"In Breckonside," I said, but I added that I had often been with my father at East Dene. And once I had crossed the ferry all by myself and spent Easter Monday at Thoisby itself.

"Humph," she said, wrinkling up her nose with great contempt. "I suppose that you have never even heard of London."

I told her "Yes, of course." And that I could tell her the number of its inhabitants.

But this she didn't seem to think clever, or, indeed, to care about at all.

She only said, "Are all country boys as stupid as you are?"

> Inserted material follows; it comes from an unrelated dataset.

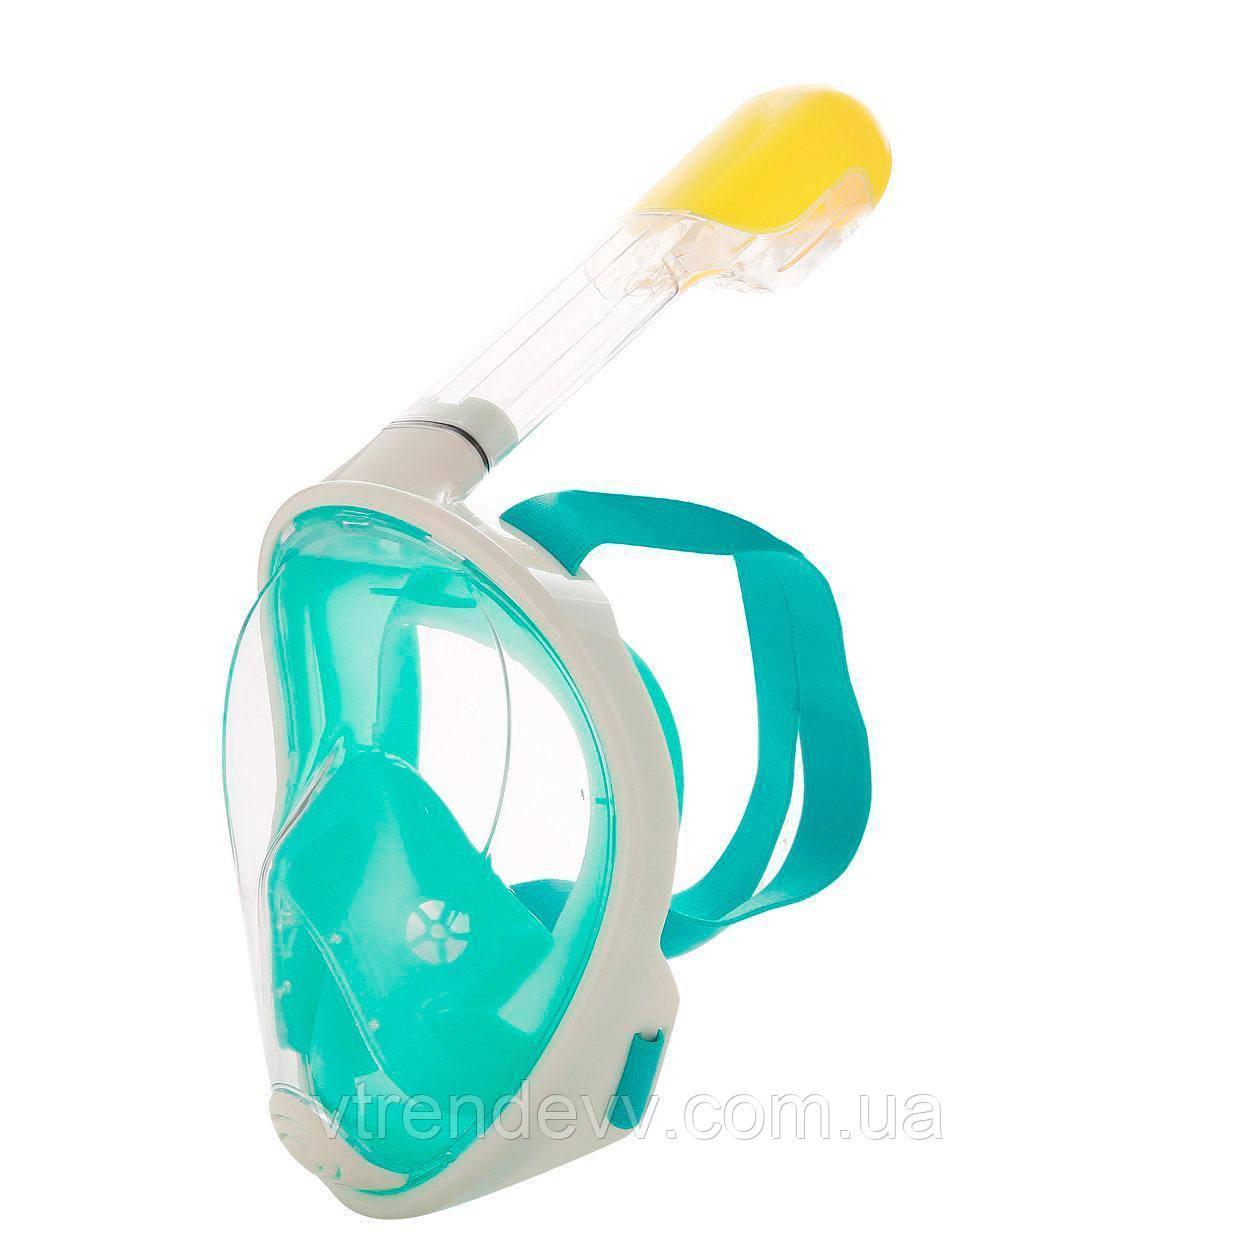 Маска для плавания FREE BREATH S/M с креплением на камеру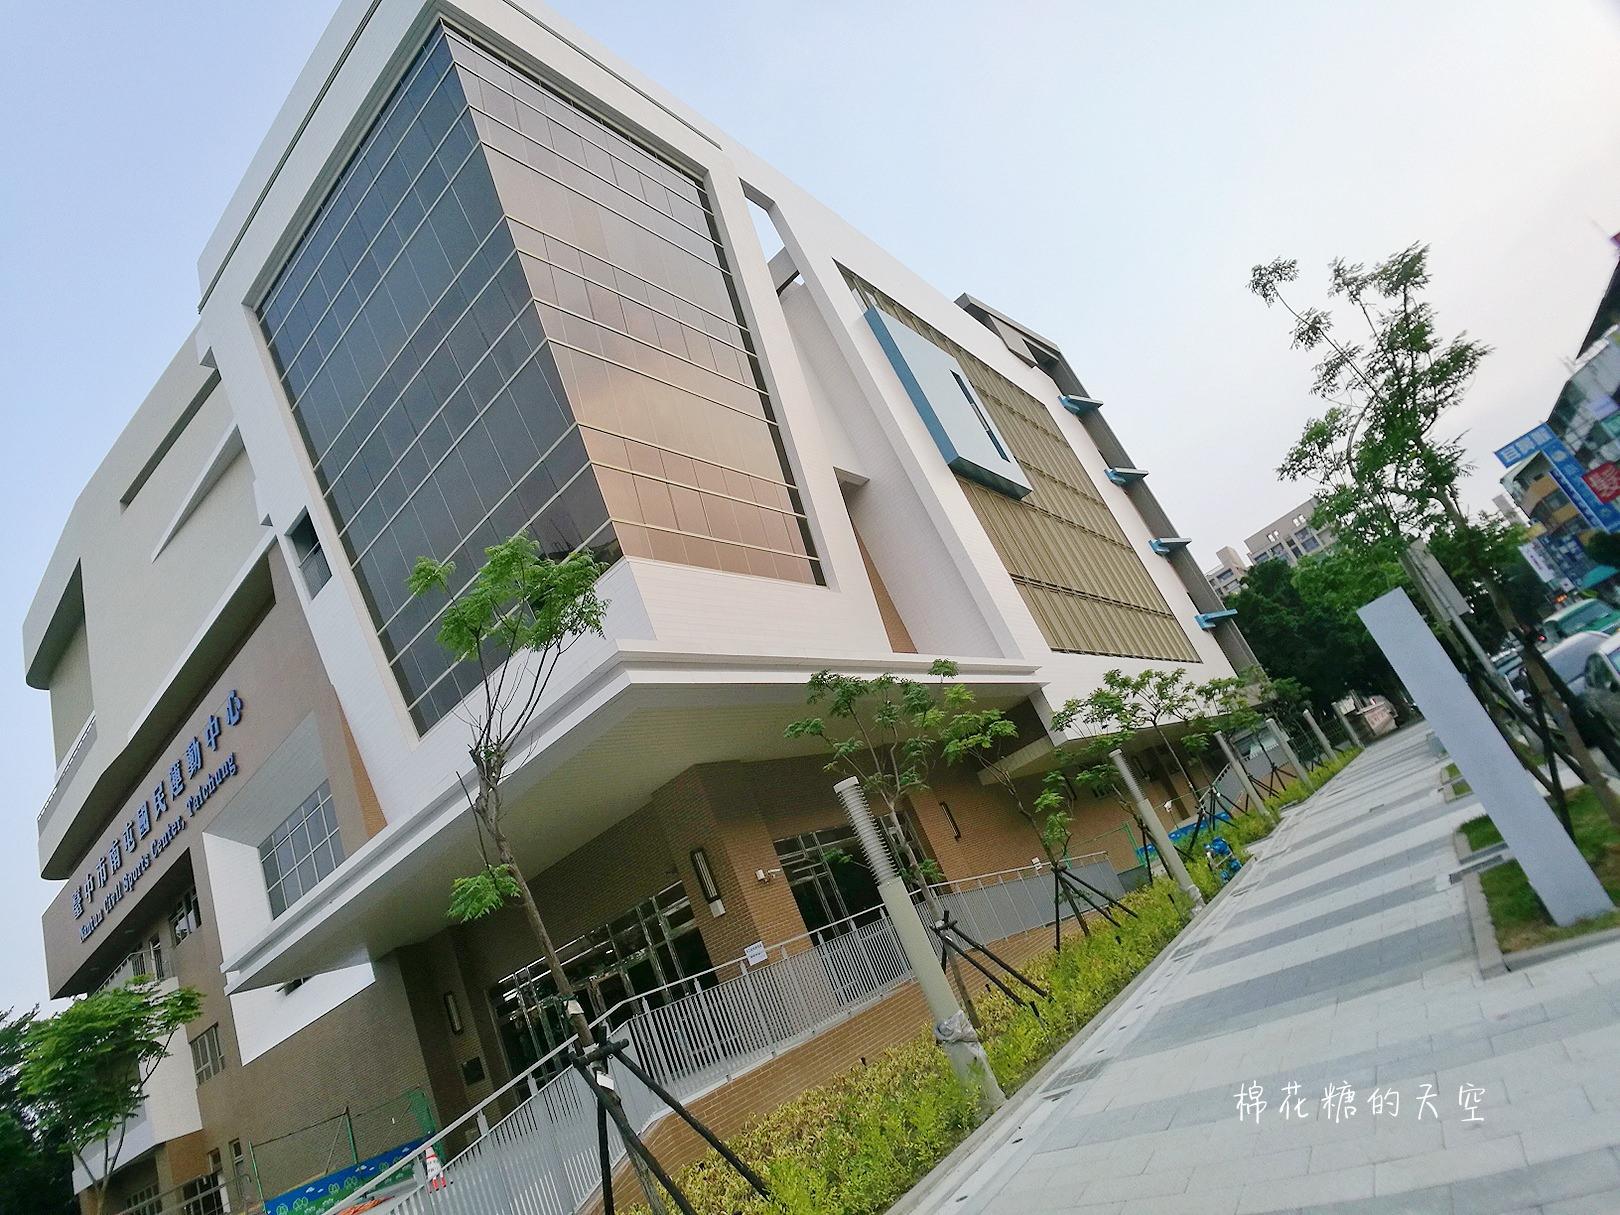 20180415154157 25 - 台中南屯國民運動中心五月中試營運!詳細收費、樓層分佈大公開

To be called a boy like that made me angry, and I ran after her, determined to pay her out. I was going to show her that country boys could just be as sharp as there was any need for.

But quick as I was, this city girl was quicker, and she slipped across the road almost at the very place where we had found the last traces of poor Harry Foster. She dived among the underbrush by the stile, and I lost sight of her altogether.

But the next moment I heard a cry. You had better believe I wasted no time till I got there. I ran, opening a good, stout clasp knife that father had given me—or, if not "given" exactly, had seen me with, and not taken away from me. It comes to the same thing.

Well, just a little away across a green glade, all pine needles and sun dapplings, stood Mad Jeremy, and he had Harriet Caw by the arm. I went at him as fast as I could—which was a silly thing to do, for, of course, with his strength he could have done me up in two ticks of a clock. Only, as mostly happens when one does fine things, it was all over before I thought.